Aim of the task
Retype the listing below line for line, but only from the line with "barn, skog, svamp, korg, allemansrätten" down to the line with "Bedroom at Claridge's, London", inclusive. Pictures stay out.

Available data
★ ★ ★

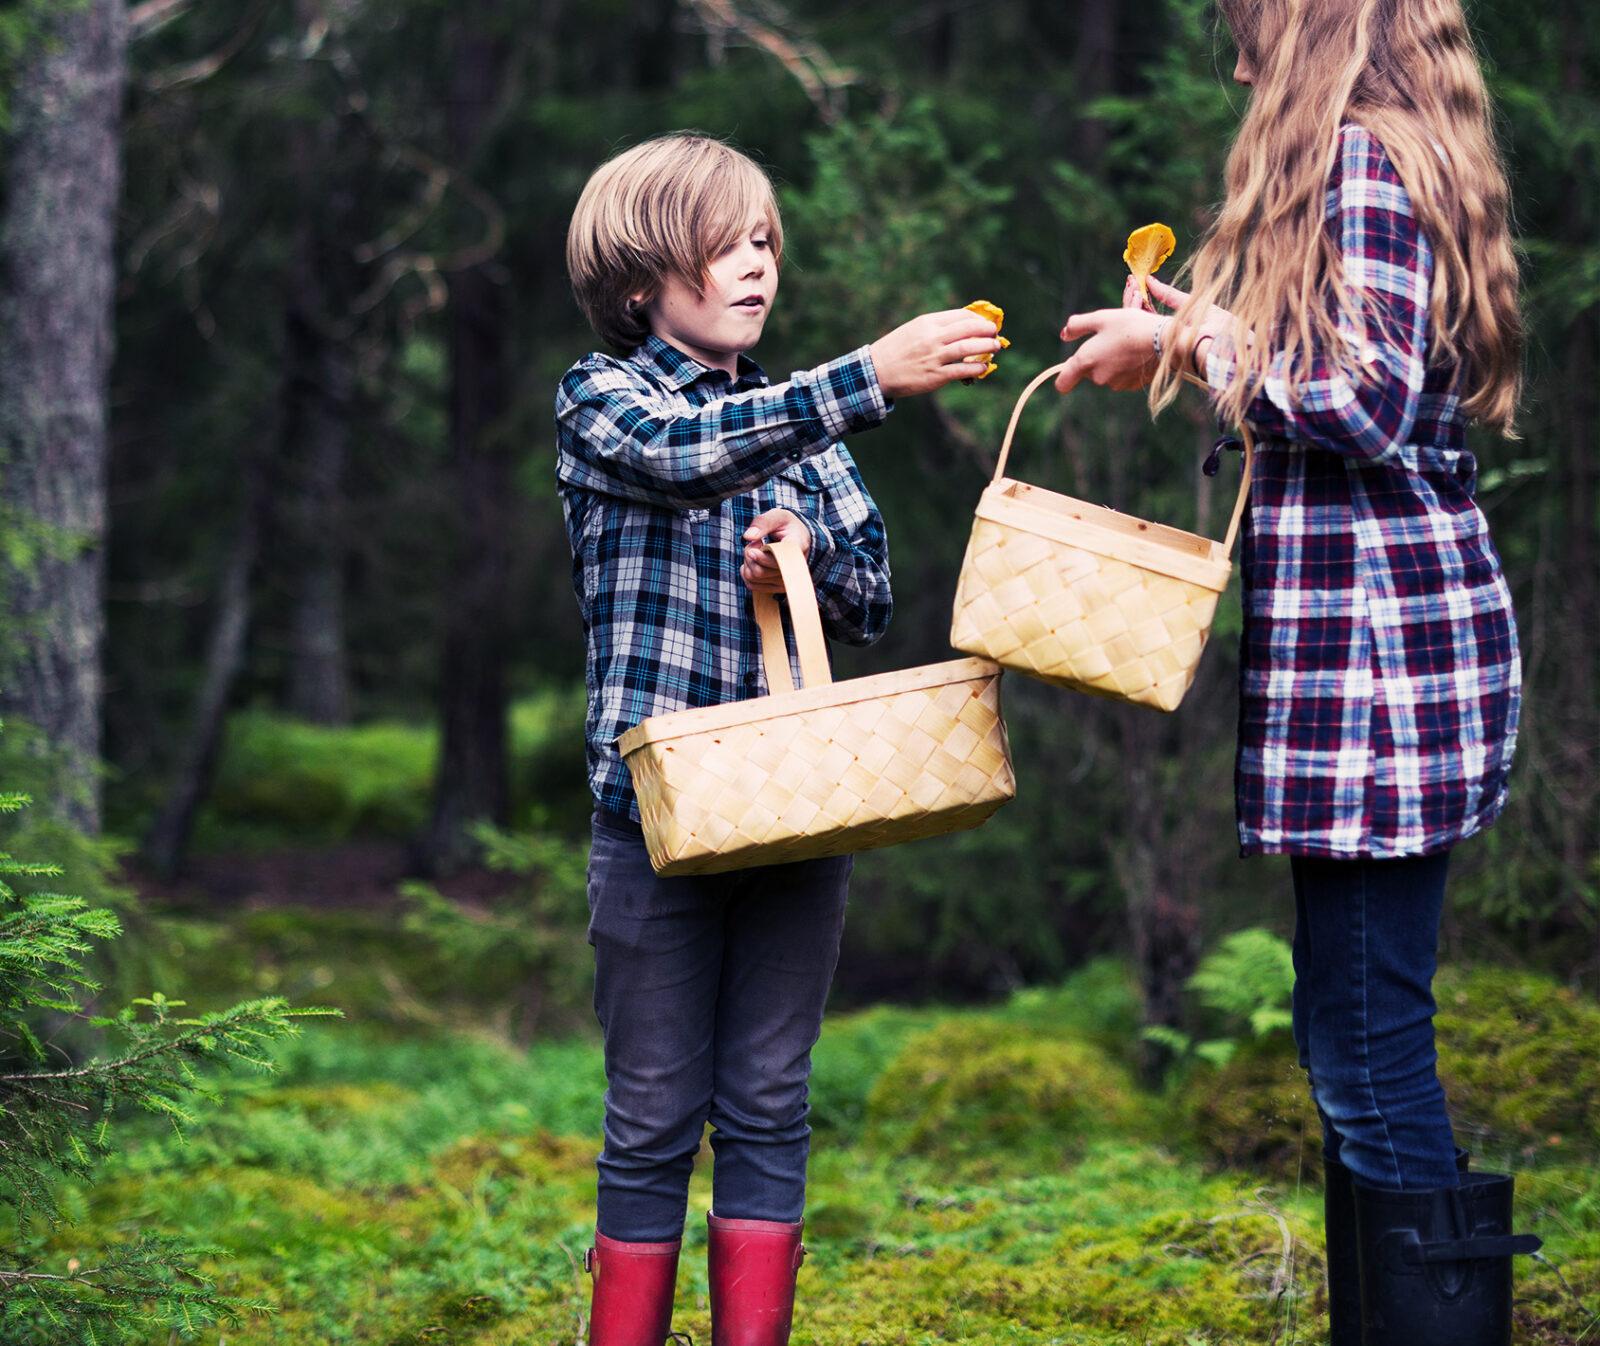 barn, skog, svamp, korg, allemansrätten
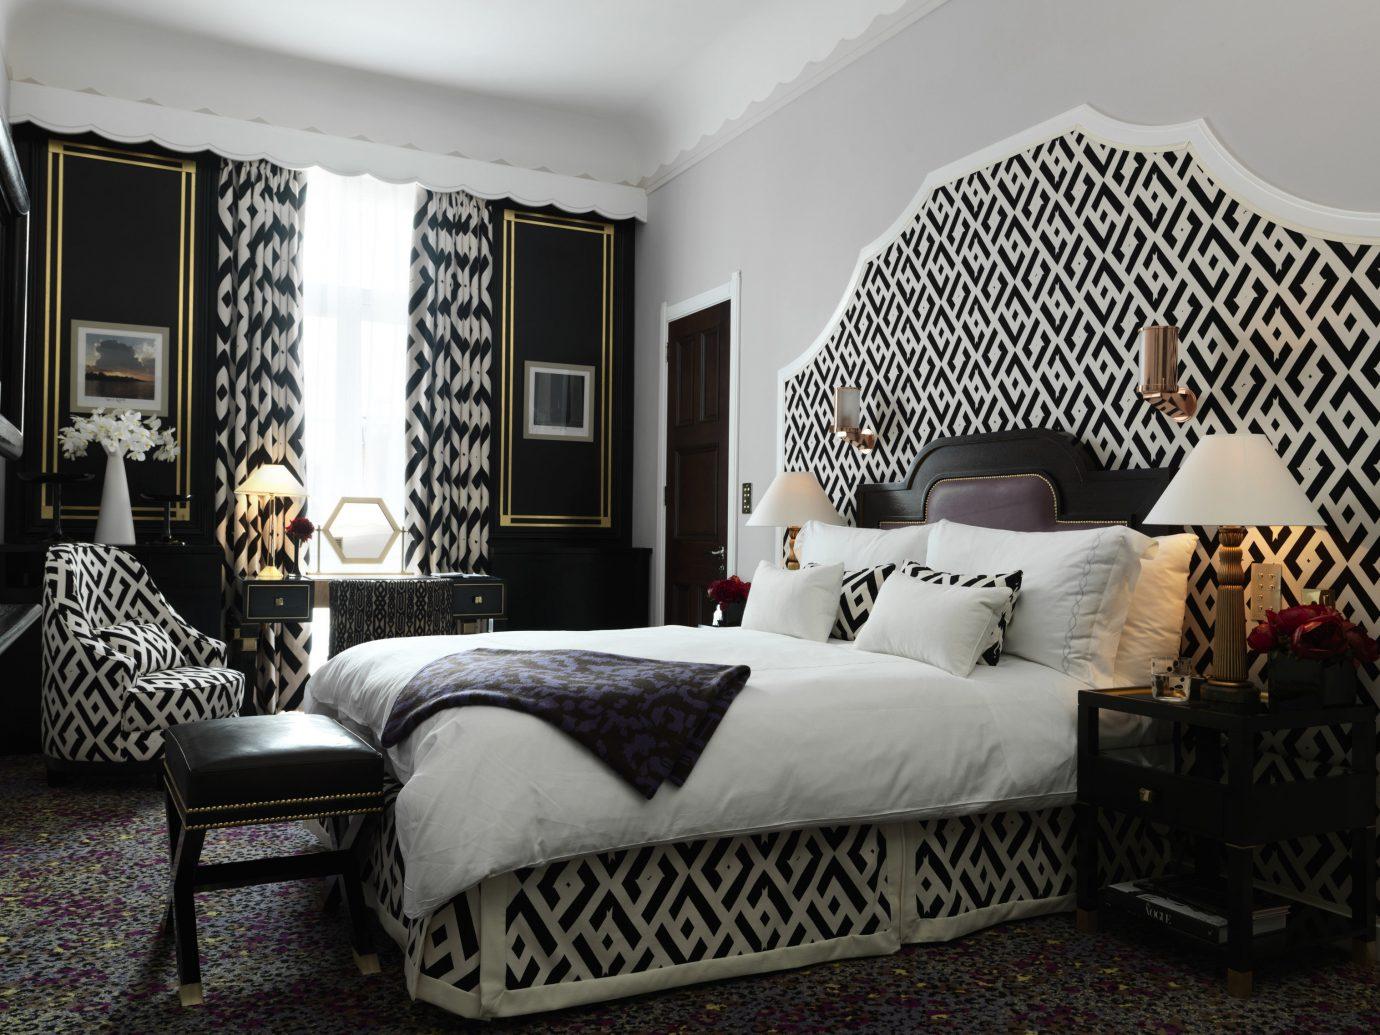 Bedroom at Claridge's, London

★ ★ ★

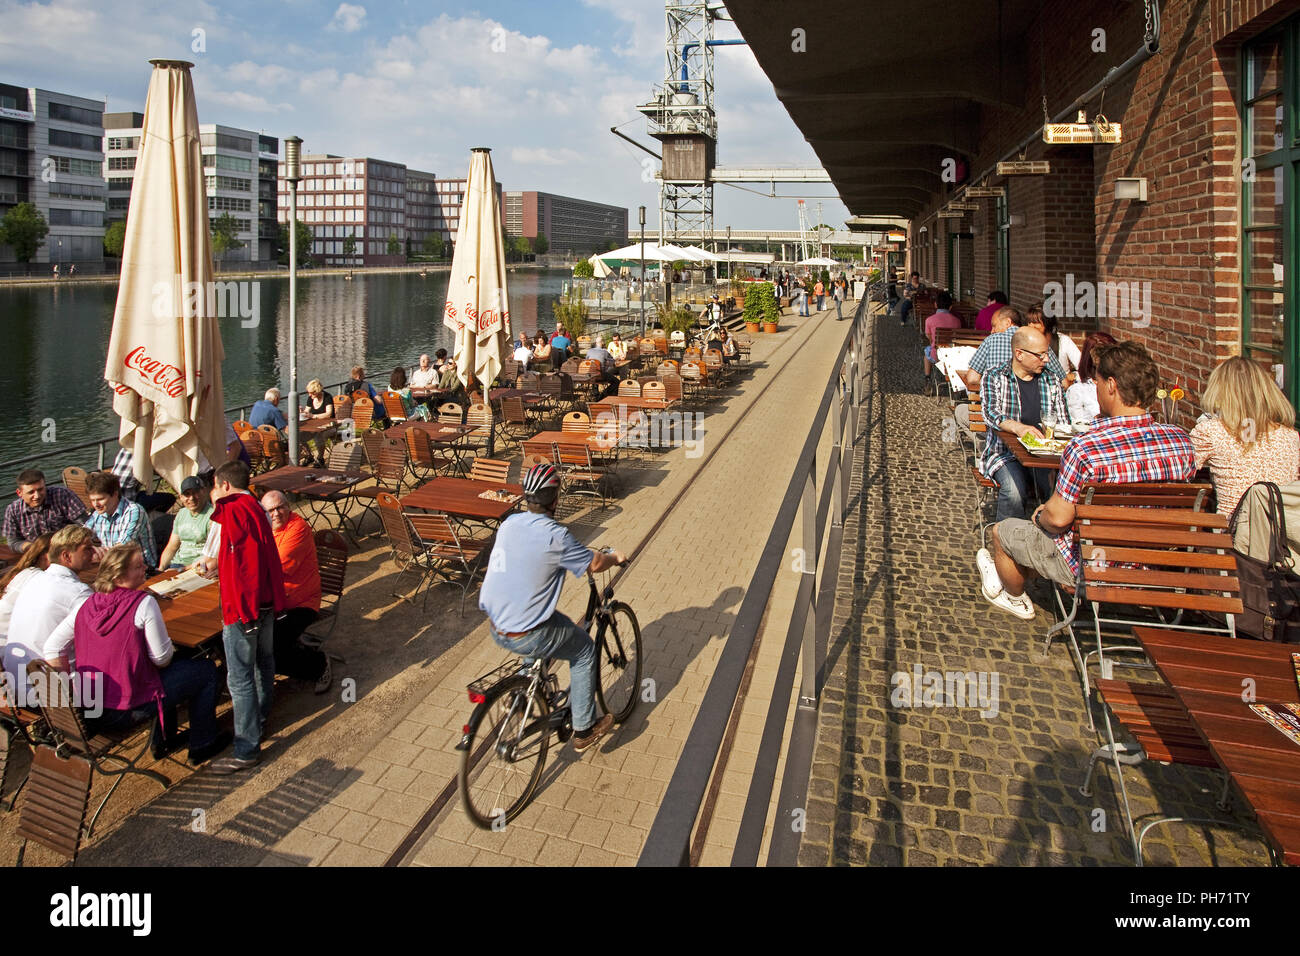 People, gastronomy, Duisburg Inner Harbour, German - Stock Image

★ ★ ★

Response for this exercise
 barn, skog, svamp, korg, allemansrätten
 Bedroom at Claridge's, London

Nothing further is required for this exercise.